No one spoke in opposition to Carey’s motion, which will see the union’s LGBT rights officer work with its president to push to make gender neutral bathrooms available in all College buildings.

It also mandates the union to make sure gender neutral bathrooms are available at its events.

Carey, a final-year history student, is running for president in February’s TCDSU elections. He is the founder and chair of Trinity’s Rover Scout Society.

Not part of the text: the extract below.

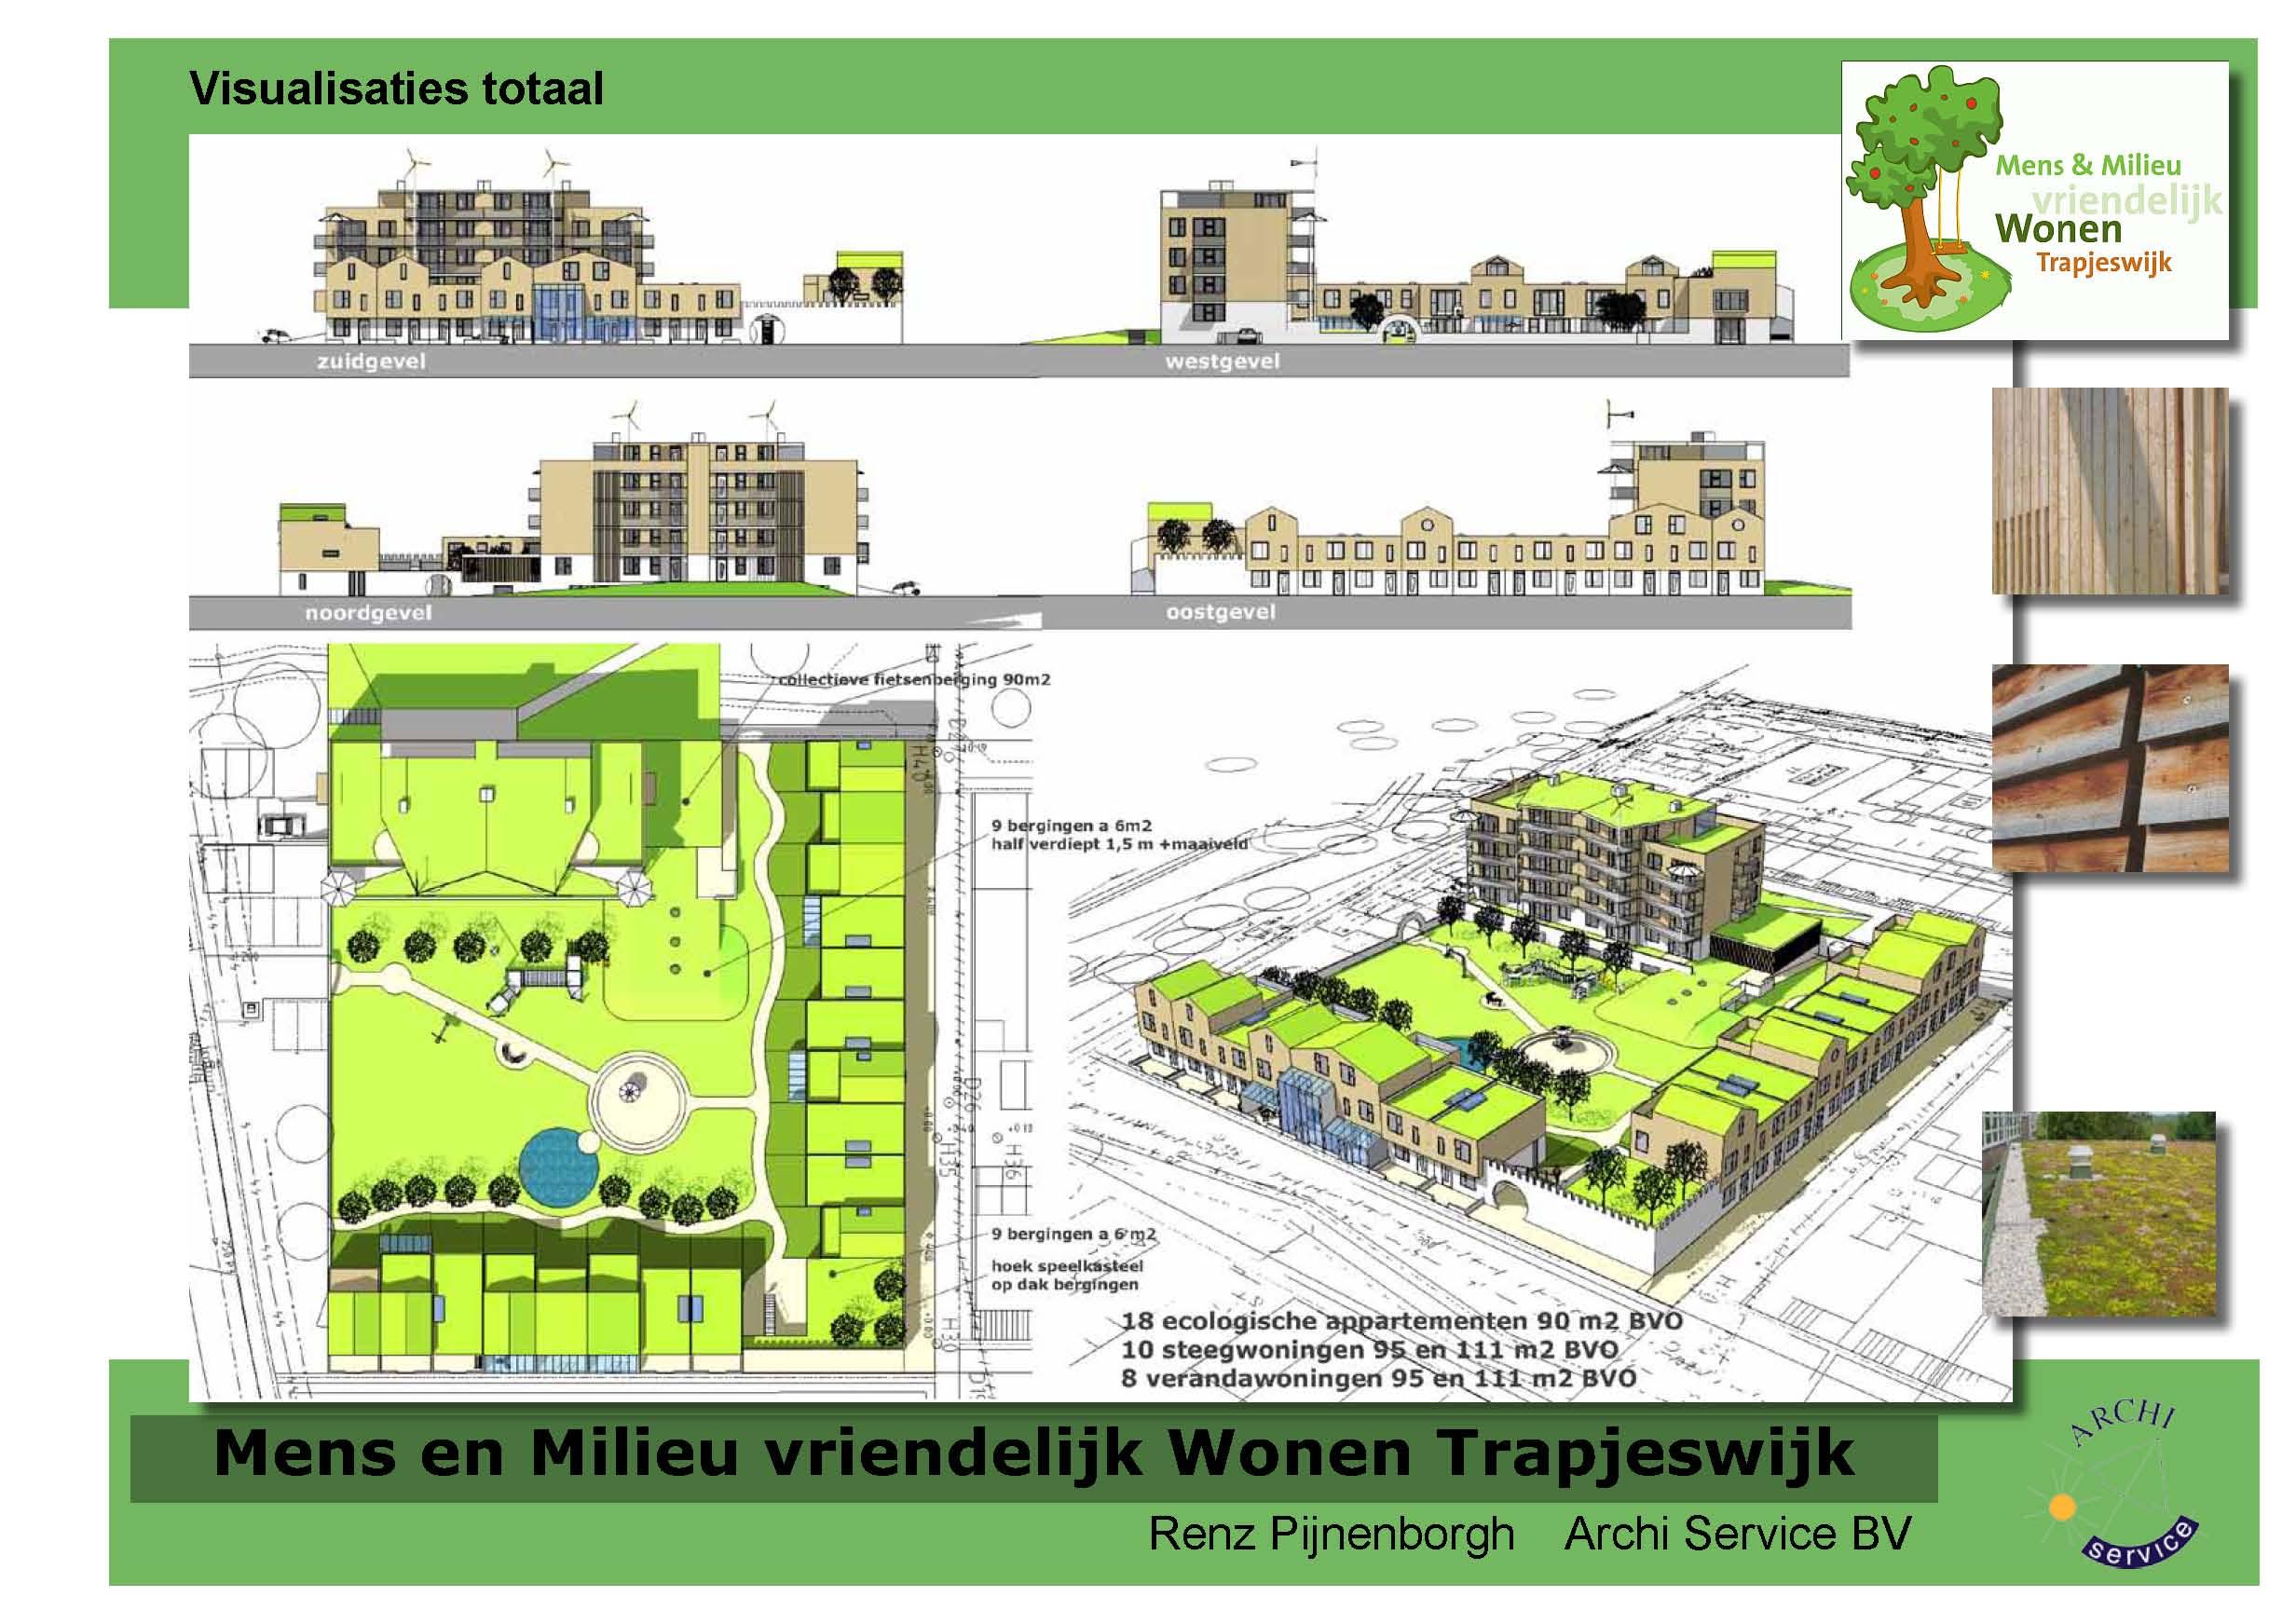 CPO trapjes wijk Zwolle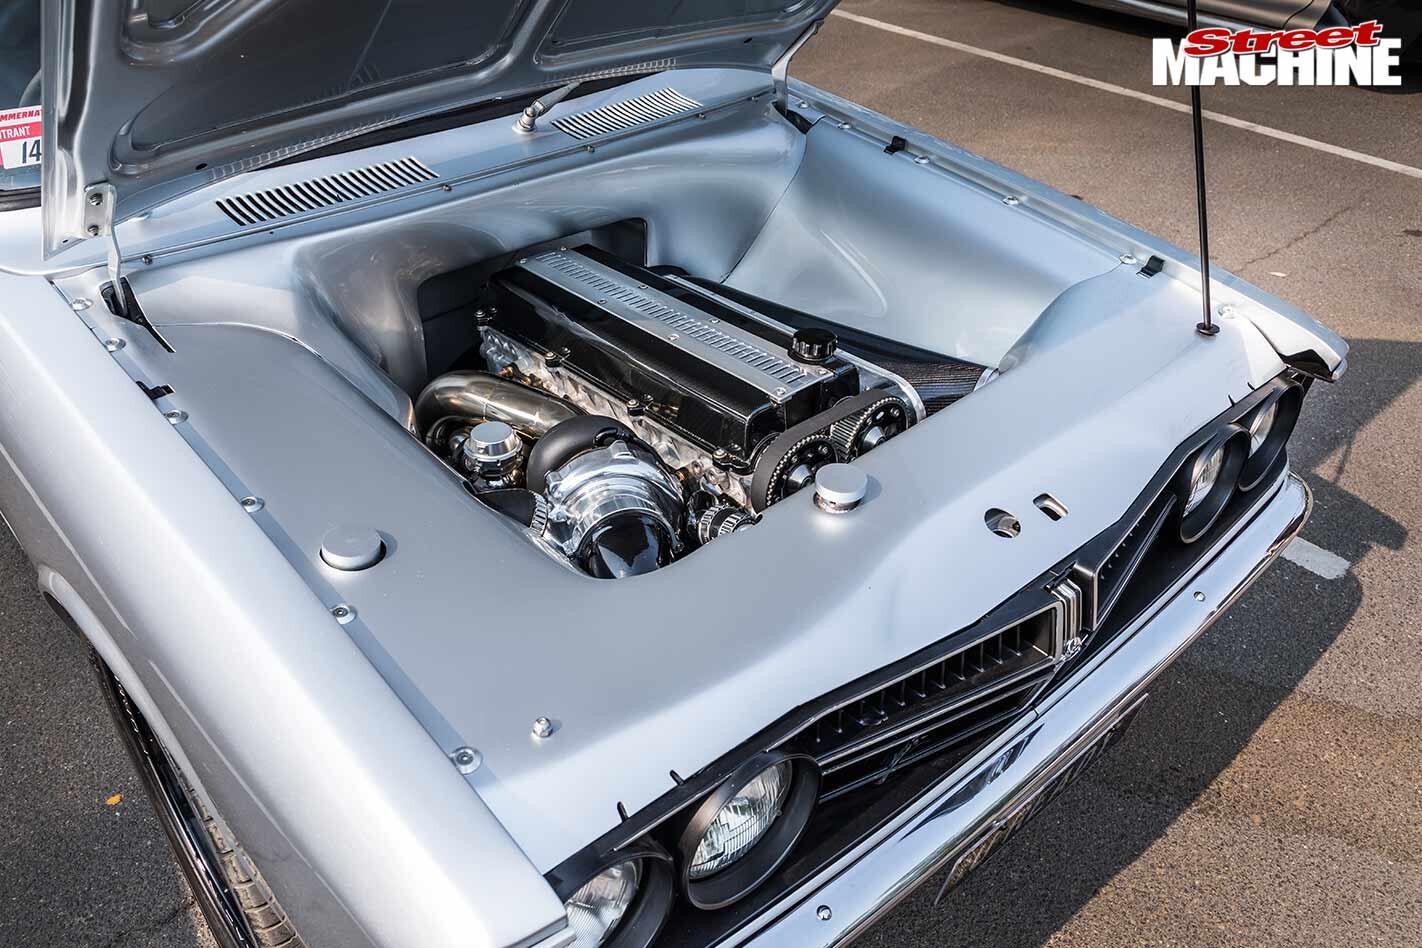 Toyota Corona engine bay

He previously served as faculty convenor for the Arts, Humanities and Social Sciences.

Carey is running against Eoin Hand, the director of campus acapella group Trinitones, and Harry Williams, the tour secretary of Dublin University Hockey Club and a former project leader with social entrepreneurship society Enactus.

In September 2019, Trinity introduced an option to allow students to pick gender neutral pronouns in official College records, marking a significant expansion to its gender recognition policies.

Students will be addressed by their first name in College letters and emails, marking a change from a system that currently addresses all students as either Mr or Ms.

Speaking to The University Times in September, Trinity’s Director of Diversity and Inclusion Tony McMahon said that the changes put College “ahead of the curve” in its approach to gender recognition.

“Our Academic Registry was the first to say: ‘Look, we can recognise [your gender identity] in so far as possible – and there are some limitations – without you having formally changed your identity’”, he said.